* Data section
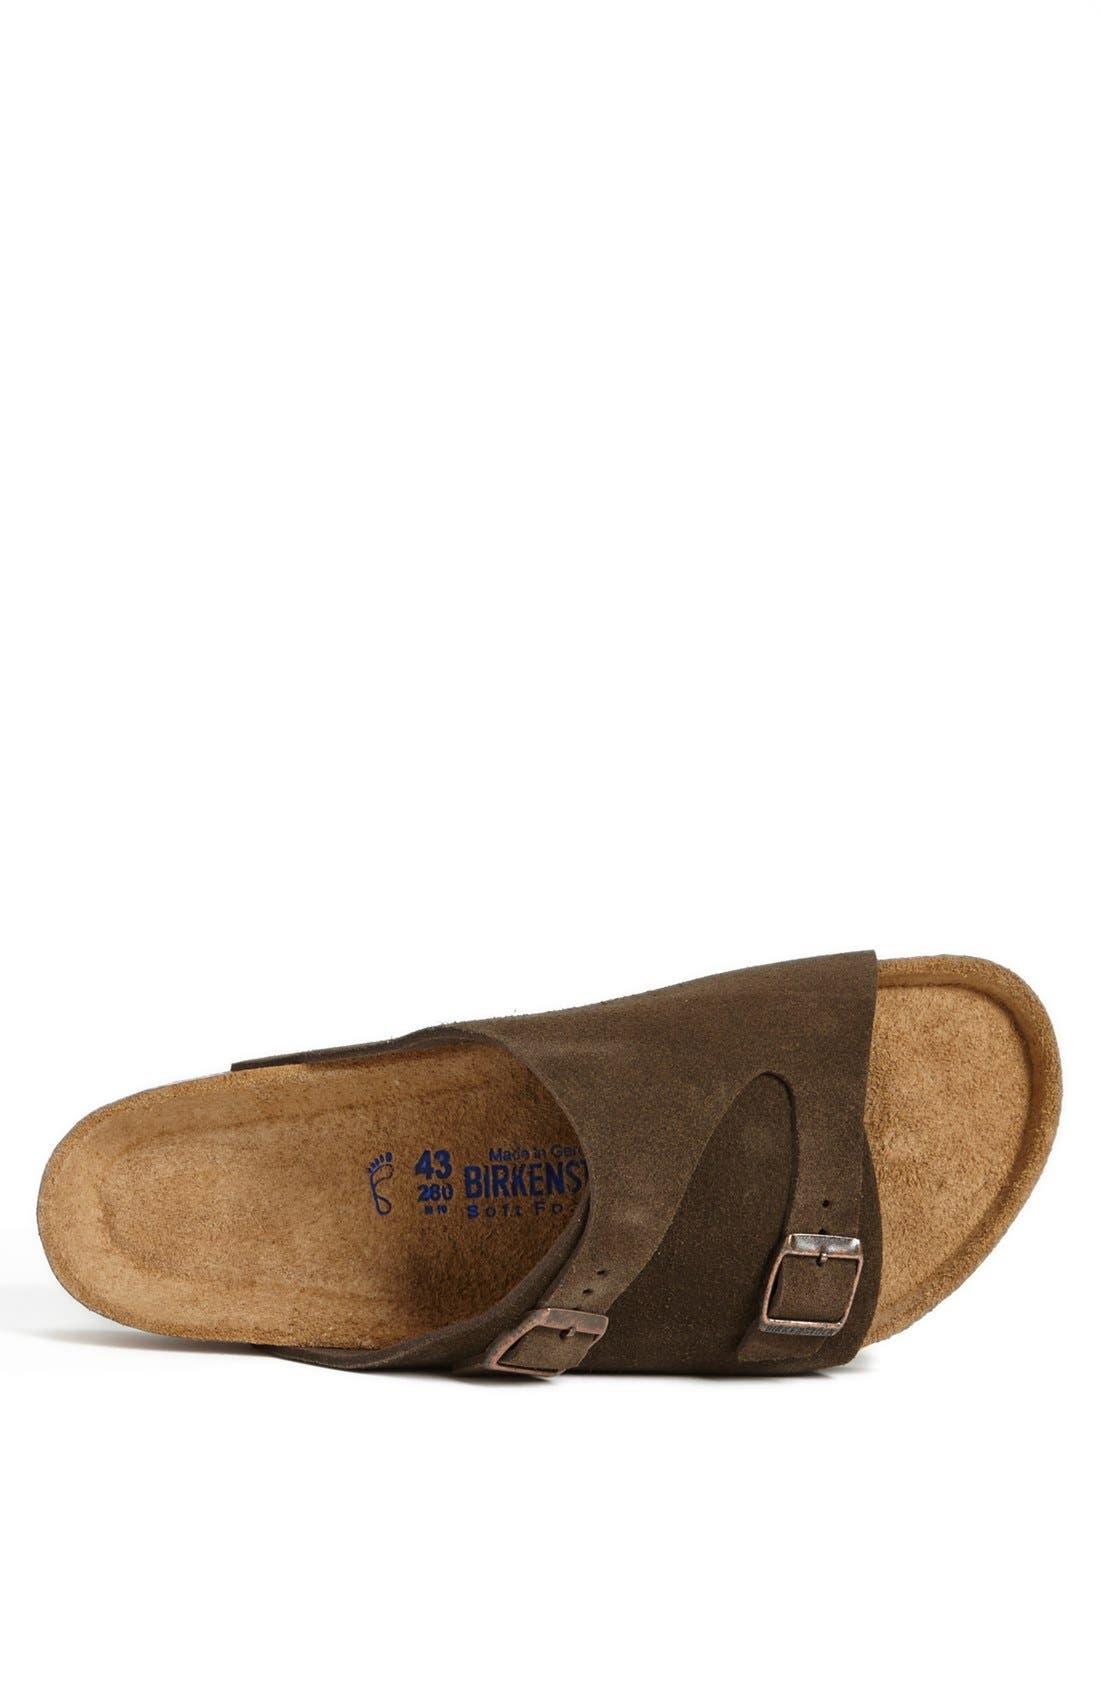 Alternate Image 3  - Birkenstock 'Zürich Soft' Sandal (Men)
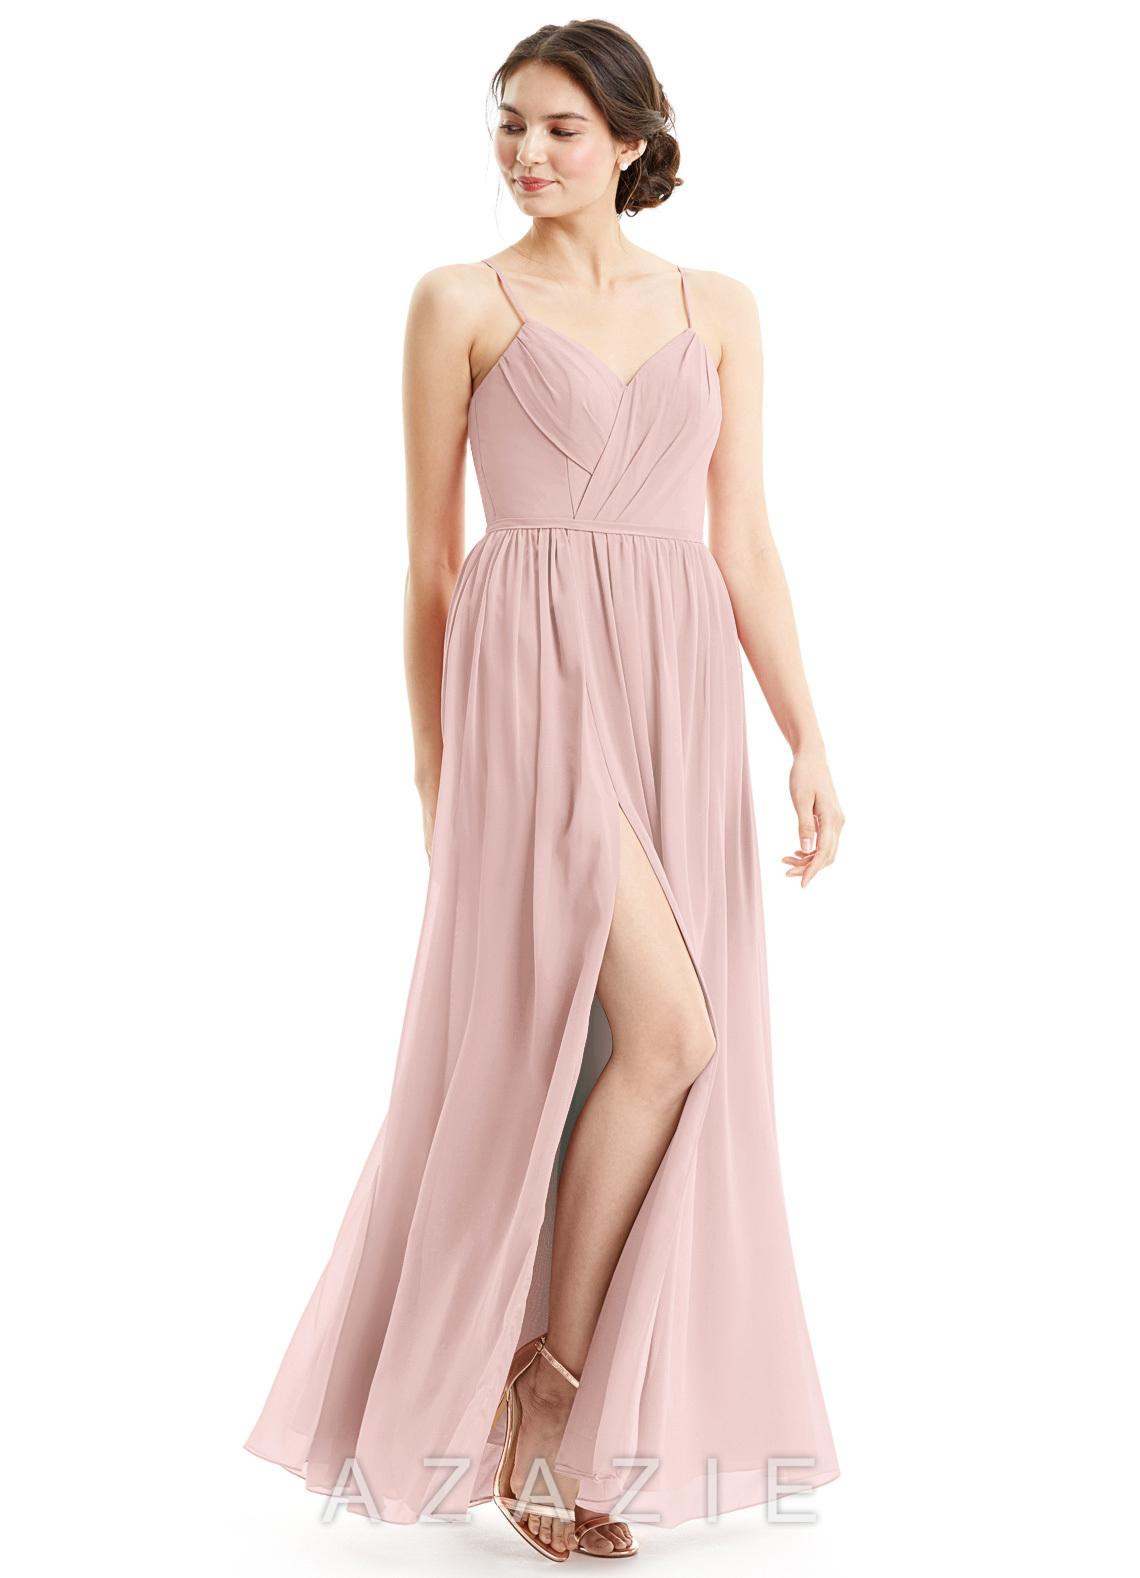 5719fdf30d2 Azazie Cora Bridesmaid Dress - Dusty Rose
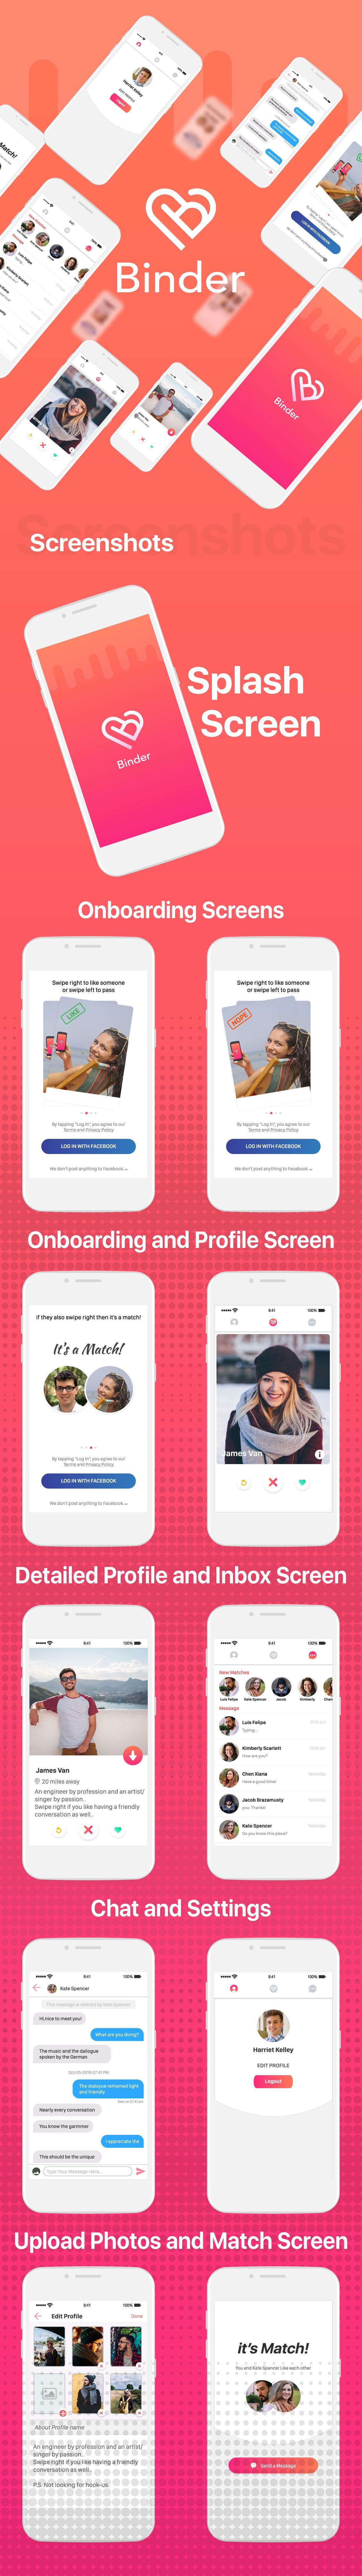 keeper dating app
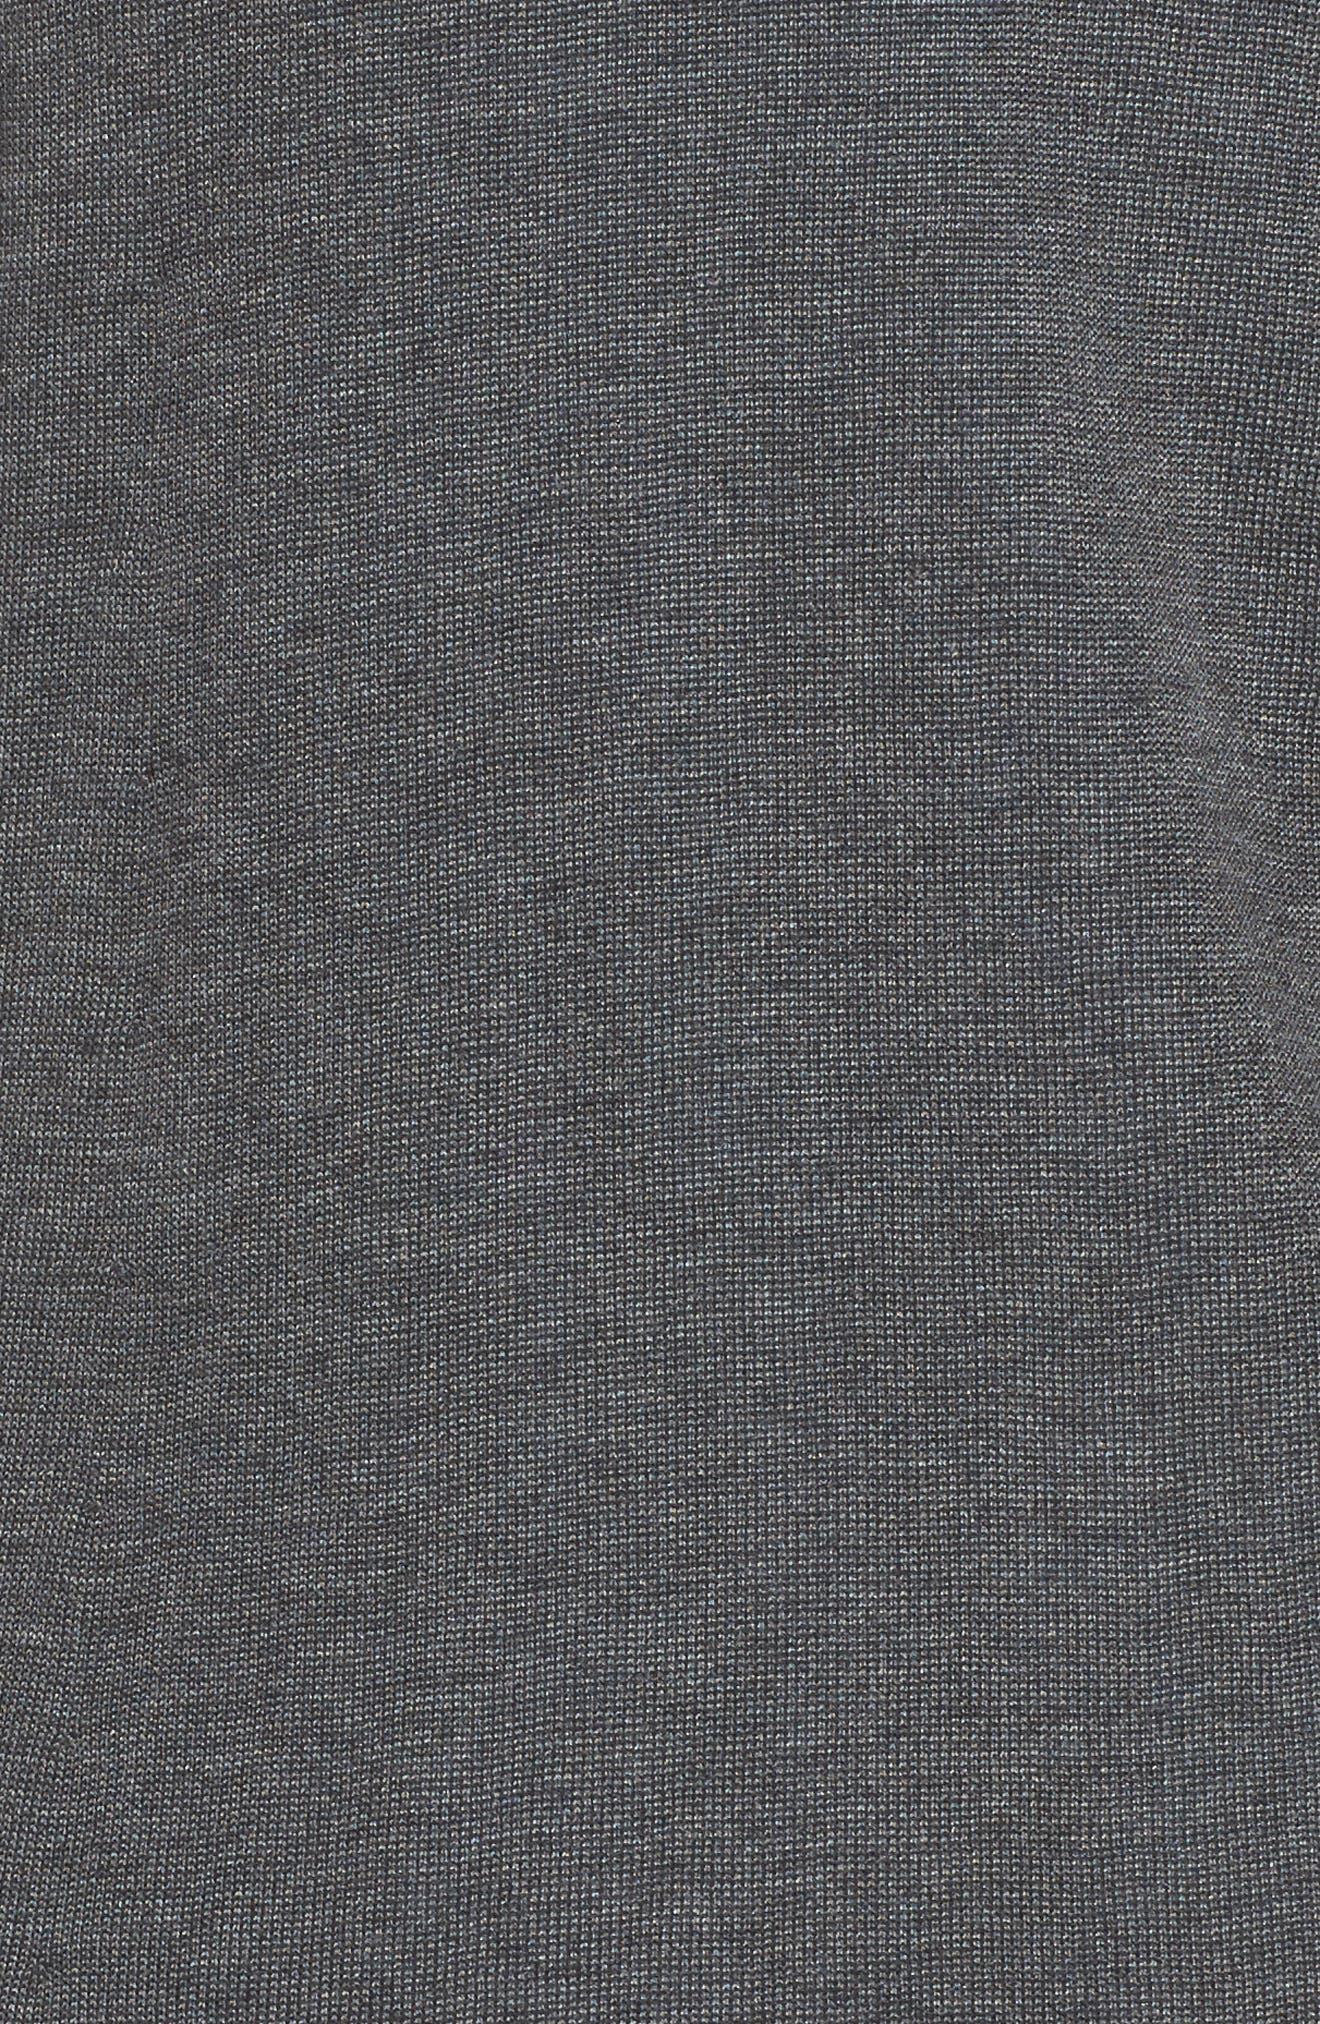 Alternate Image 5  - Eileen Fisher Slouchy Tencel® Blend Cardigan (Plus Size)

* Work to complete
From the line containing "5719fdf30d2 Azazie Cora" down to the end of the data above, reproduce each line exactly; no pictures.

* Finished task
 5719fdf30d2 Azazie Cora Bridesmaid Dress - Dusty Rose
 keeper dating app
 Alternate Image 5  - Eileen Fisher Slouchy Tencel® Blend Cardigan (Plus Size)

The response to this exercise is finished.